▶ _EXERCISE DATA_:

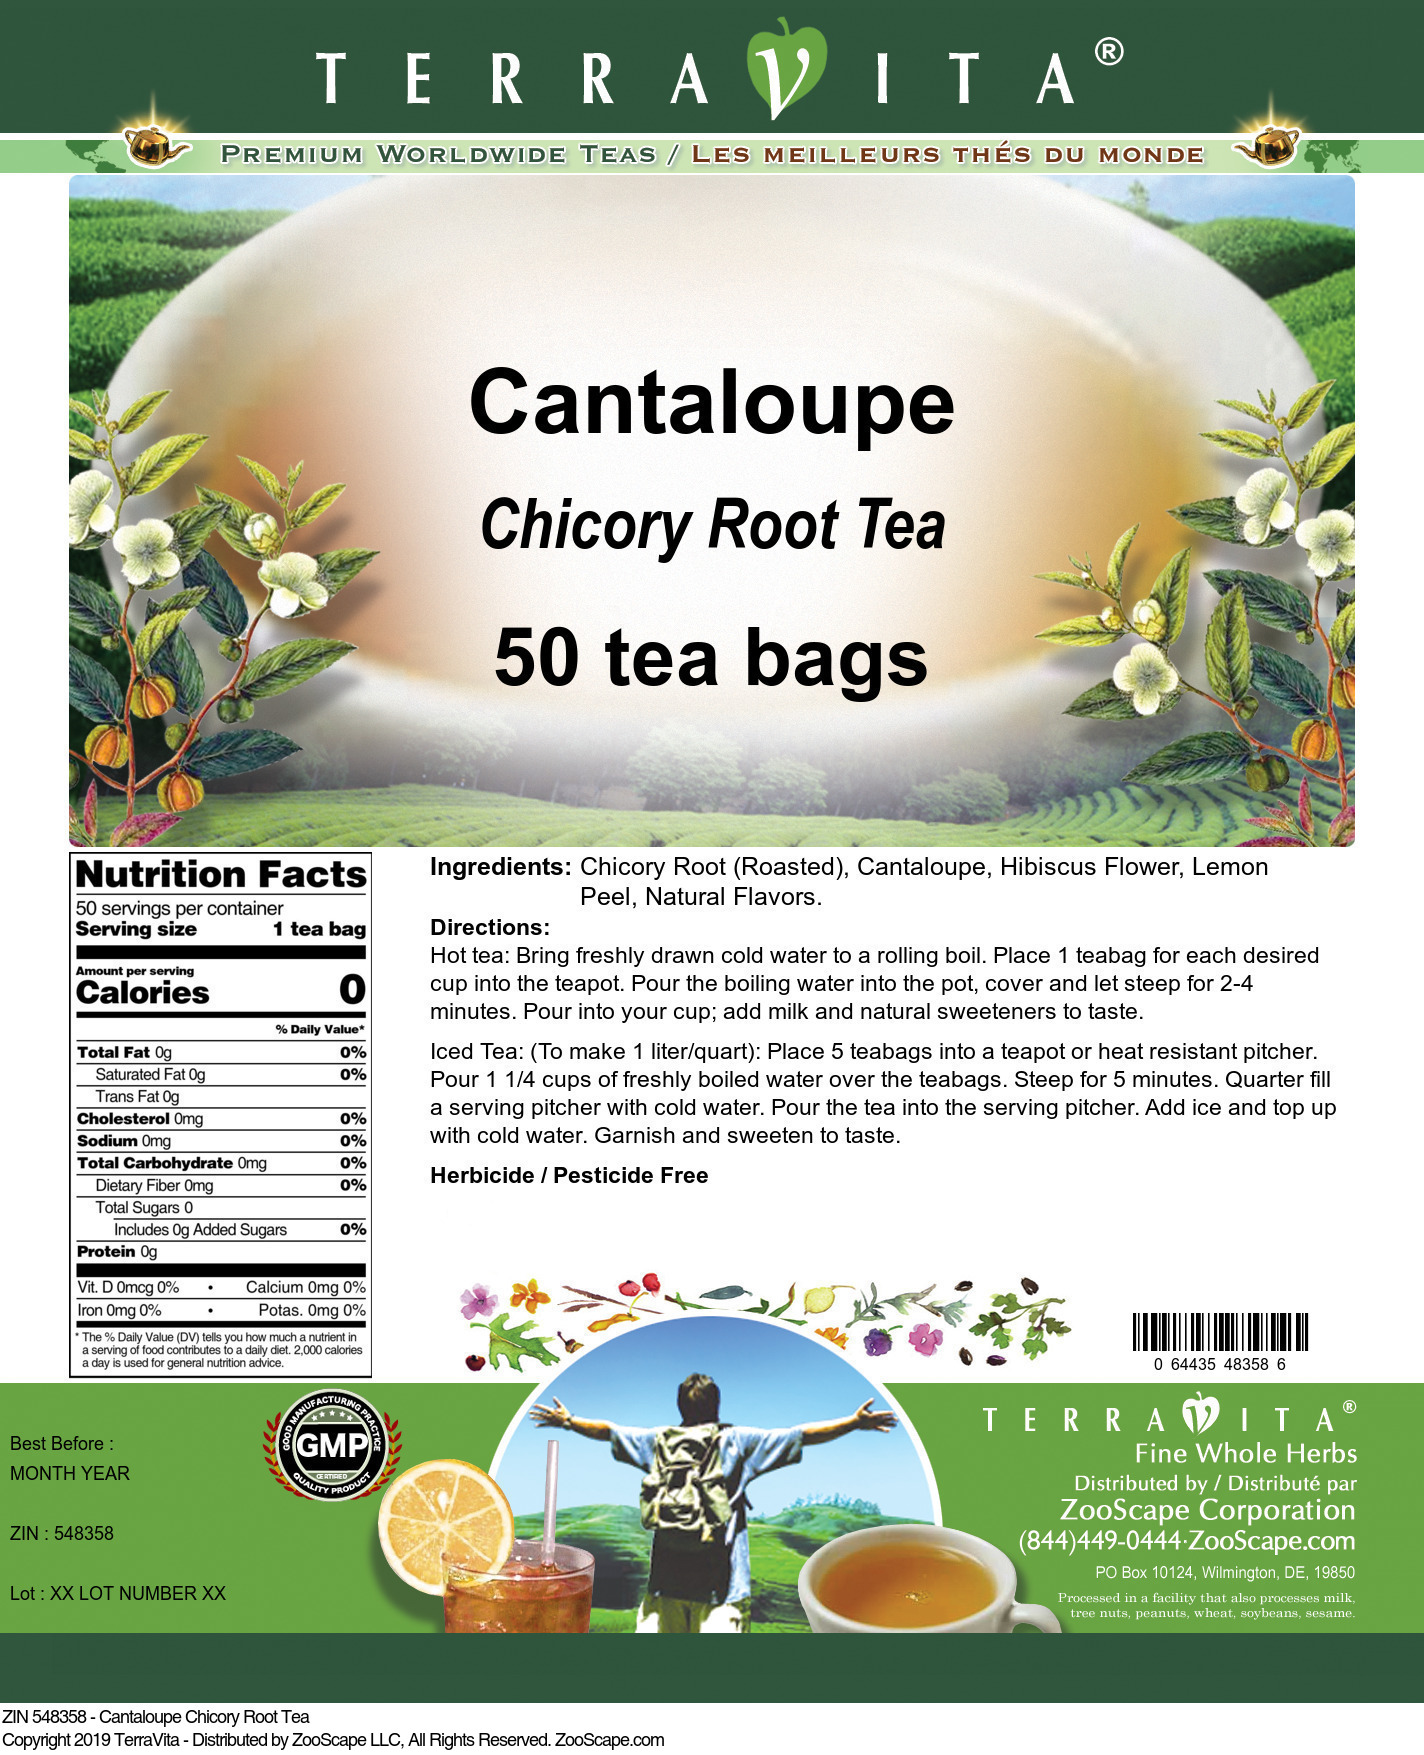 Cantaloupe Chicory Root Tea
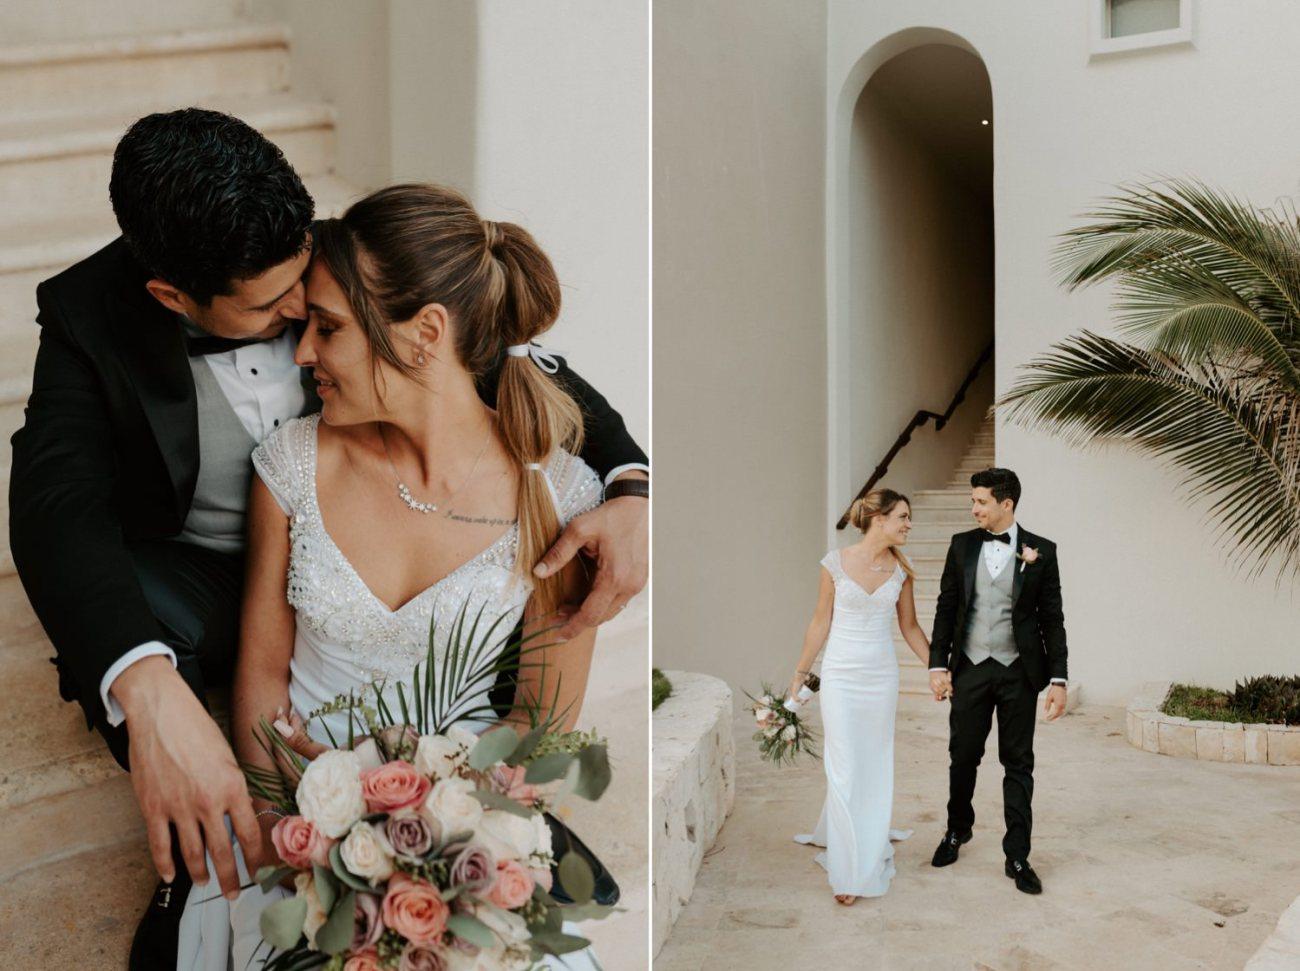 Cancun Destination Wedding Mexico Tulum Wedding Photographer Anais Possamai Photography 052
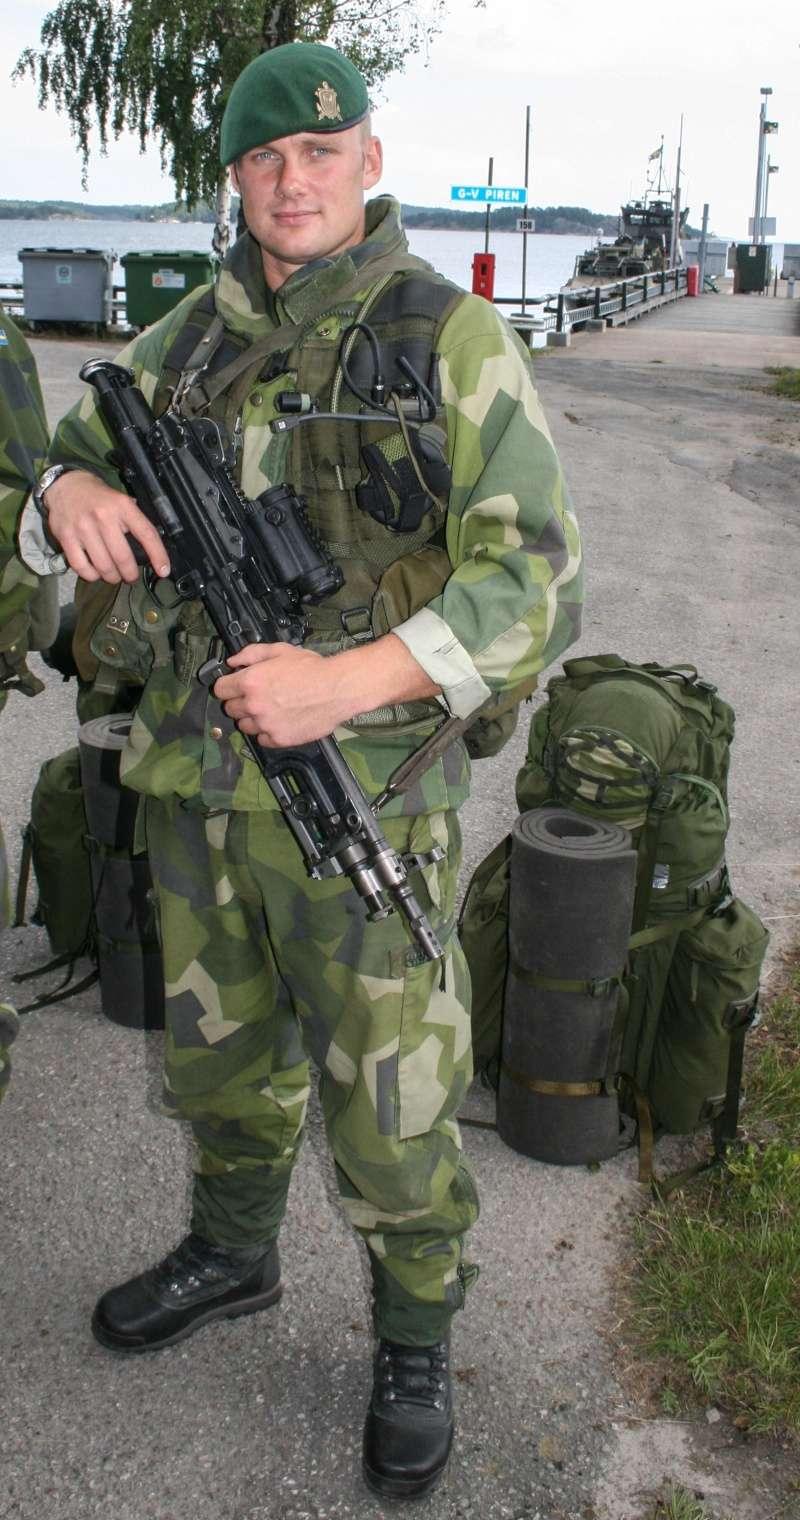 L'influence du camouflage allemand ww2, de nos jours. - Page 6 Soldie10

▶ _WHAT TO PRODUCE_: Write out the material above without changing a word, and skip any picture.

▶ _RESPONSE BELOW_:
 Cantaloupe Chicory Root Tea
 Cancun Destination Wedding Mexico Tulum Wedding Photographer Anais Possamai Photography 052
 L'influence du camouflage allemand ww2, de nos jours. - Page 6 Soldie10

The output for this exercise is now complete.